Wednesday, March 11, 2009

9) UNIX Shell Script - automating the benbo script for more than one input file

This is a simple shell script used for running benbo for more than one input file.


Process Code

for i in xx*
do
./benbo.sh 1 $i > $i\_out.txt
done



Usage Notes:

1) To run the script assuming the code is saved in a file called benbo2.sh: ./benbo2.sh.

2) This script will run benbo.sh for more than one input file, however all the input files would have to include "xx" in their filenames.

3)The user may switch to the perl version of benbo by substituting ./benbo.sh to ./benbo.pl in the above code.

4) This script assumes that the index protein/nucleotide sequence is on the first line, the user may change "1" to another number in the above code if their index sequence is not located on the first line of their input file.

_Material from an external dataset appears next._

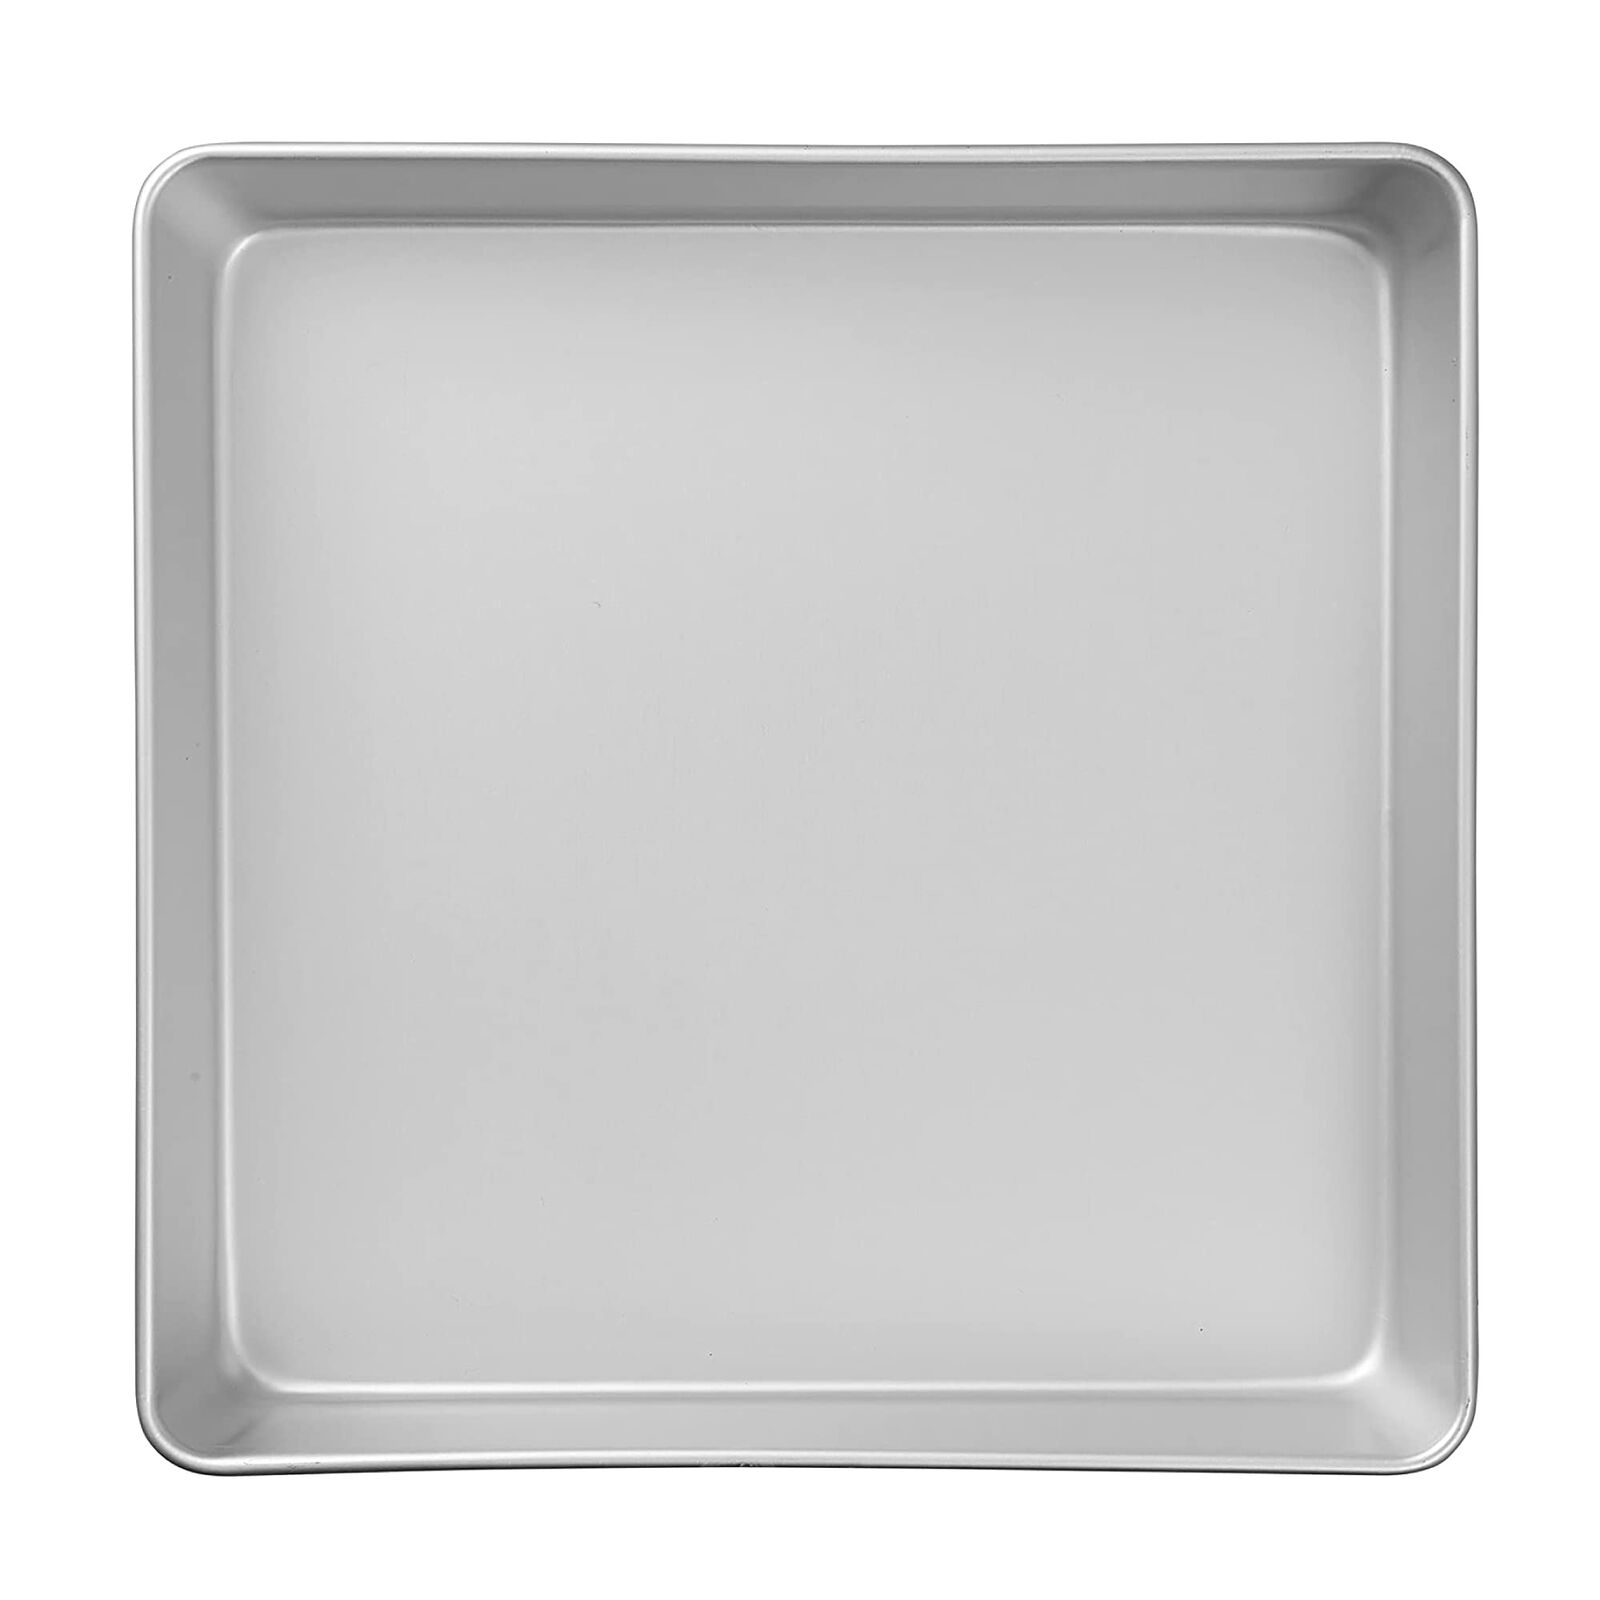 Performance Pans Aluminum Square Brownie and Cake Pan, 12 x 12 inches, Silver

5) The output files will be generated on the same folder and named as "input file name"_out.txt


Code by: BenBen
Blog Post by: BenBen

1 comment:

  1. 1. #!/bin/bash on the first line will tell shell to feed all the script to bash, whereas #!/usr/bin/perl or wherever you keep the perl exe will tell shell to feed the script to perl. If the script is bash script, and you feed it to perl...
    2. The iteration construct for bash or shell script is as follows:
    for [variablename] in [list of stuff]
    do
    [script]
    done
    3. [list of stuff] can be an actual list, e.g. xx01, xx02, etc
    It can also be globbing of a filename expansion and substitution of the wildcard, e.g. xx* in your case, where it is a list of all files starting with xx in the current folder where the program was executed.
    It can also be variable substitution, assuming you have previously defined a variable, or you are feeding in $1 from the command line argument for example.
    It can also be command substitution, whereby the output of a shell command or a series of them, becomes the list of items.
    Shell treats spaces as the separator. Unfortunately, I don't know if there is a way of switching space as the separator. So if your output includes spaces, it has to be protected.